Best Use Cases for Small LLMs

Posted by XhoniShollaj@reddit | LocalLLaMA | View on Reddit | 26 comments

Would love to see what the community has been working on and share their experience or use case for small LLMs or VLMs (1b-7b models).

[-]

hagottemnuts@reddit

Download them for the apocalypse so that when WiFi and data goes down, you survive using the small LLM powered by a solar panel, to rebuild civilization.

[-]

FineCradle@reddit

Looking at these applications make me question the need for small models

[-]

OnyxOrator@reddit

Summarization, grammar correction, writing style changes and formatting, basic code completion

[-]

I actually tried to use it as a spelling and grammar checker with llama 1B, I was hoping that for something so simple there wouldn't be much difference between models, but after some tests it worked noticeably worse than with 70B. I wouldn't trust it enough not to monitor it closely.

[-]

Apart_Boat9666@reddit

To be honest, you can rewrite code with minor changes, add comments, and organize code. In a small context like a function, they work absolutely fine. Using the qwen model, they seem to be really great at it.

[-]

XhoniShollaj@reddit (OP)

Thank you for the input!

[-]

brotie@reddit

Tasks in general. No reason to call openai to ask it to summarize the name of a chat for the sidebar, generate an optimal search query to pass to a rag function or basic tts etc cut out the latency and pay nothing

[-]

yukiarimo@reddit

Not the model size matter, but its user

[-]

Temp_Placeholder@reddit

Rewriting (everyone else's) reddit posts so they have better grammar and aren't full of asshole.

[-]

Derefringence@reddit

Email rewriting, translation, spell checking, simple data organization

[-]

dreamfoilcreations@reddit

I've created a app for data extraction / validation of large amount of files, it can extract information that might be hard using parsers because the content of the files isn't well structured. (using 7b model).

[-]

Namarrus@reddit

Which RAG approach do you use and how does your Similarity Search find exactly the right content with such a large number of texts?

[-]

dreamfoilcreations@reddit

The files I use fit the context, but for long files, I process in chunks. Usually, the information is close.

[-]

GTHell@reddit

I can extract NER, detect language and sentiment with a 0.5b model into a JSON structure format.

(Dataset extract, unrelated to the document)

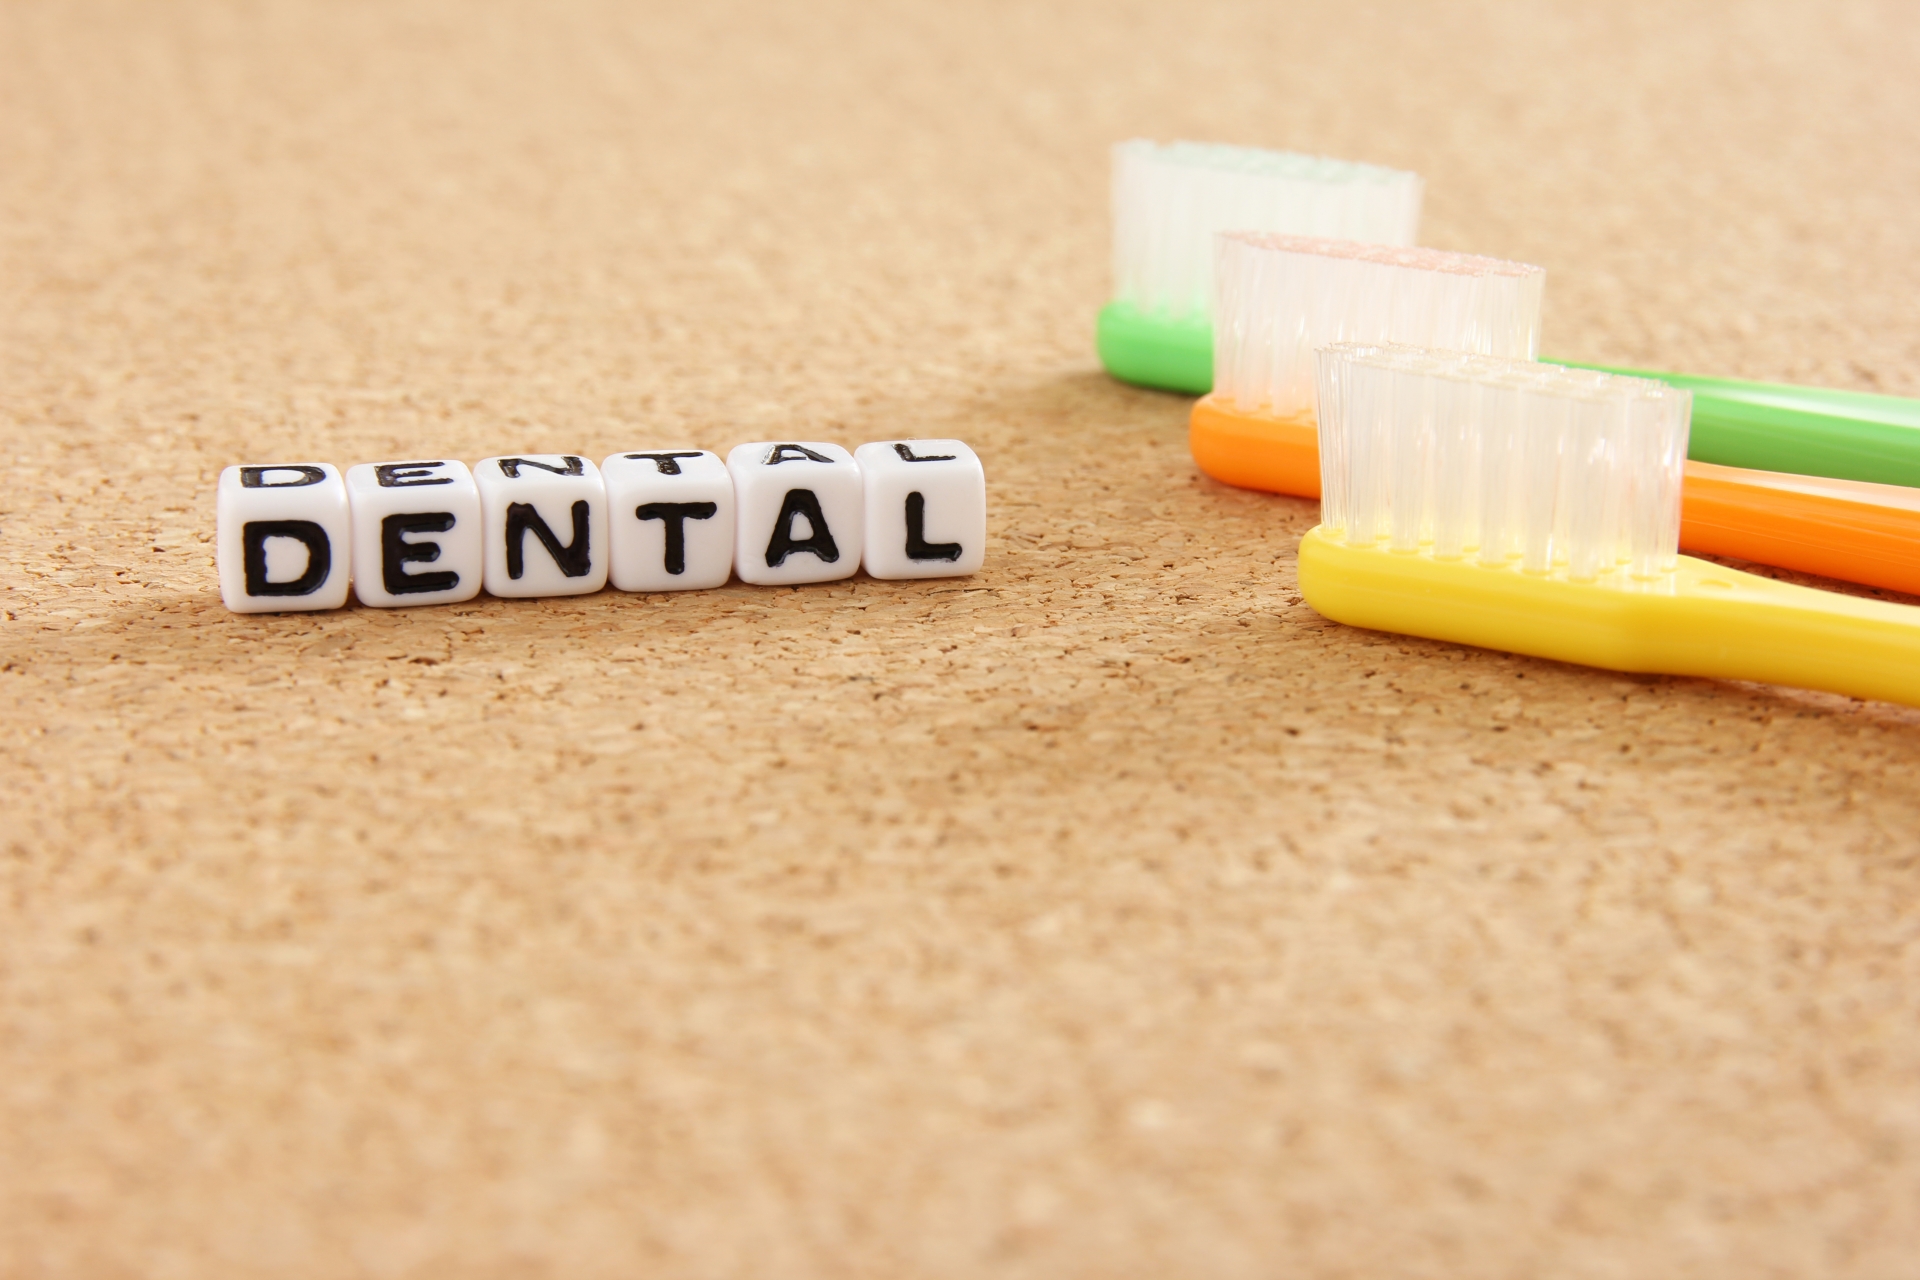 セラミック素材を使用した歯の治療は、通常保険適用外となります。そのため、セラミックと銀歯の違いを踏まえ、歯医者さんとしっかり相談しながら、治療の方針を決めることが一番と言えます。
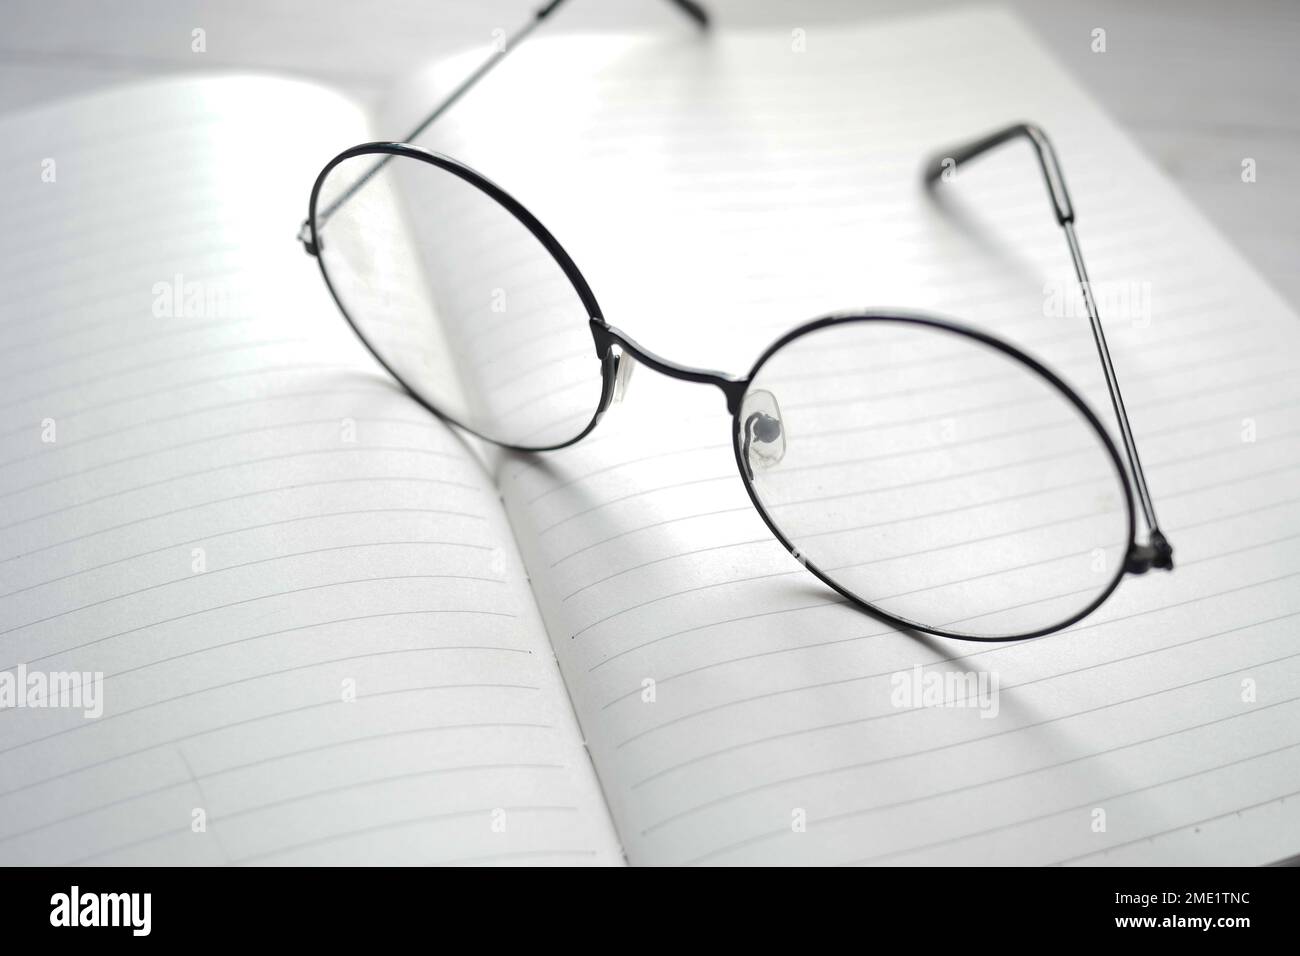 bloc-notes, lunettes et crayon sur table en bois Banque D'Images

That’s the best use cases for me so far as I dont need to fine tune BERT and it work on multilingual language.

I was using Qwen2.5 0.5b instruct by the way.

[-]

_donau_@reddit

Converting weird dates to iso format when dateparser couldn't handle the heat

[-]

synw_@reddit

Onboarding colleagues with no gpu in local ai with 0.5 to 3b models that work even on an old potato laptop.

We now have many small models that can be efficient in an area or another, which was not the case like 6 month ago. I use different models depending on the task: summarization, translation, chat with documentation or article, code gen

[-]

msbeaute00000001@reddit

What size of model are you using for translation and code gen?

[-]

synw_@reddit

Code: Qwen coder 2.5 in 3b or 1.5b for the speed
Translation: it depends on the language: Granite 3 2b for english to french, Qwen 3b for russian or chinese to english

These can run in a no gpu environment. Like everyone here I use bigger ones on my gpu for more complex code tasks or precise translations, but I tend to use the small ones more and more for their speed, playing nice in my everyday workflow

[-]

ThinkExtension2328@reddit

It’s not the size that counts but how you use it

[-]

XhoniShollaj@reddit (OP)

Lol fair observation 🤣

[-]

matt23458798@reddit

Many different use cases, specifically simple daily tasks

[-]

XhoniShollaj@reddit (OP)

Care to elaborate? Curious how you apply them, and if they reliable enough for your use case.